In 1968, a black artist made the cover of Fortune and Time magazine. What could make him more a man of his time? The year that Martin Luther King, Jr., died may yet stand as a high-water mark in a decade of activism and aspirations.

Romare Bearden's work already looked far older, however. Not that he was nearly done yet. He had sixteen more years to live and to create. Yet from the very start his art commemorates lost faces, distant voices, and an older ideal of modern art.

Pop as American Modernism

The Return of Odysseus (Art Institute of Chicago, 1977)A textbook might call Bearden a Pop artist. He found his voice in the 1950s and 1960s, when his collages appropriate everything in sight. Like James Rosenquist, he learned from billboards, for he loves both the side of buildings and close-ups on faces within. Like Robert Rauschenberg, he layers images to the point that his spaces defy easy talk of a top layer or firm ground. Like Larry Rivers, he feels at home in jazz circles. Like George Segal, he has a conscience, one inseparable from a group identity he could hardly choose for himself.

All that makes sense, up to a point—the point at which one sees his work. In its Cubist vocabulary, urban realism, and nostalgia for small-town America, it could pass easily for prewar American art.

His roots lie in early American Modernism. If he never seems a young man, in a sense he never was. Most likely born in 1911, Bearden has little to show for his first thirty years. When his retrospective at the Whitney, which began at the National Gallery in Washington, really gets going, he has turned forty. He has studied in Paris and at the Arts Student League. His work of the 1940s makes me think of the brooding, crowded life of social realism, like the early work of Philip Guston.
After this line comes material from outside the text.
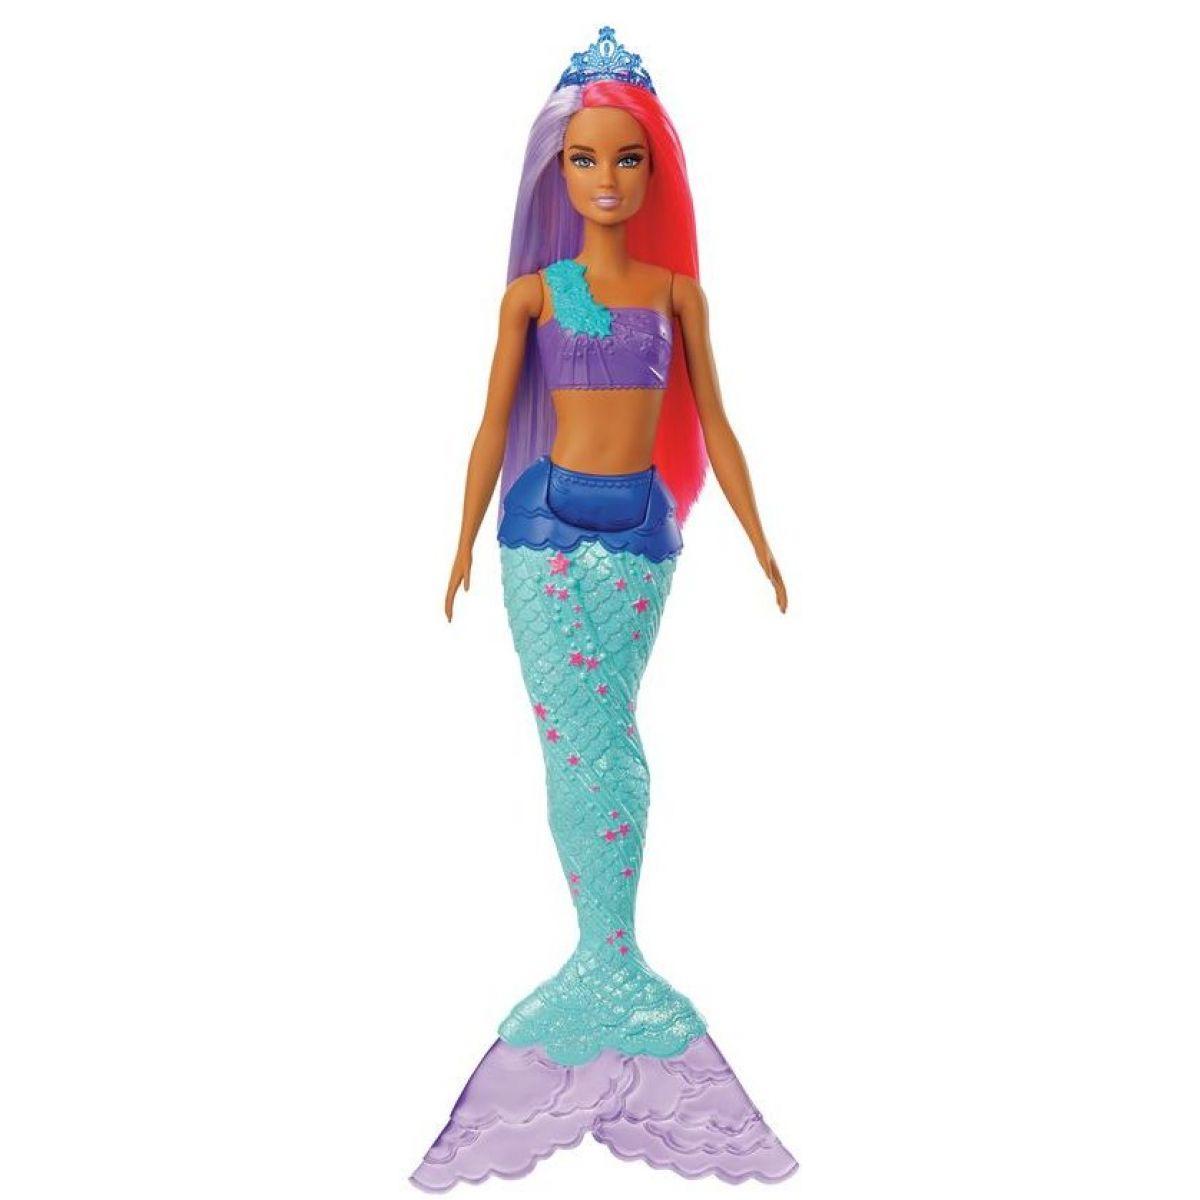 Mattel Barbie čarovná morská víla vlasy fialovo-červené

He prefers traditional materials to found objects, working in ink, graphite, fiberboard, paint, and colored paper. He sees popular culture not as a means of reproduction, but as a more shared wisdom. His is the art of the handmade. If collage suggests an art of citation and self-reference, here that means celebration rather than irony. Rather than shred the very idea of painting, it elevates the artist's sketch.

Bearden remains a humanist—in his methods, in his political and cultural awareness, and in his empathy. He takes as his subject the fate of human beings, and he takes for granted that they have desires beyond the reach of advertising. In perhaps his finest work, approaching the middle of his career, he shows a city block as a teeming community, and each tenement window has a story to tell. One can all but hear the children crying. Even the metaphor, of art as a window onto reality, roots Bearden in tradition.

Call it a distinctly American humanism, however, as funky and as ordinary as a Harlem street corner. Except for an educational video more appropriate for public television, the curator, Ruth Fine, departs just enough from strict chronology to bring out its character. If Stuart Davis or Charles Sheeler updated Cubism for a demotic America, Bearden updates Davis for the mid-century black experience. Like Davis, he offers, in fact, an alternative history of Pop Art. Sure, one can call Pop Art a radical turn against Abstract Expressionism, an embrace of the movement's epic scale, or a displacement of time and space comparable to Surrealism. Bearden, however, reminds one that American Modernism always lived high and painted low.

Paradise lost

Bearden's nostalgia addresses art's distance from the past. It includes as well a black man's distance from self-definition—and the isolating force of a modern city. In the street scene, that sense of community does not exclude helplessness. Other apartments may or may not hear the baby, and they have no power to stop the crying.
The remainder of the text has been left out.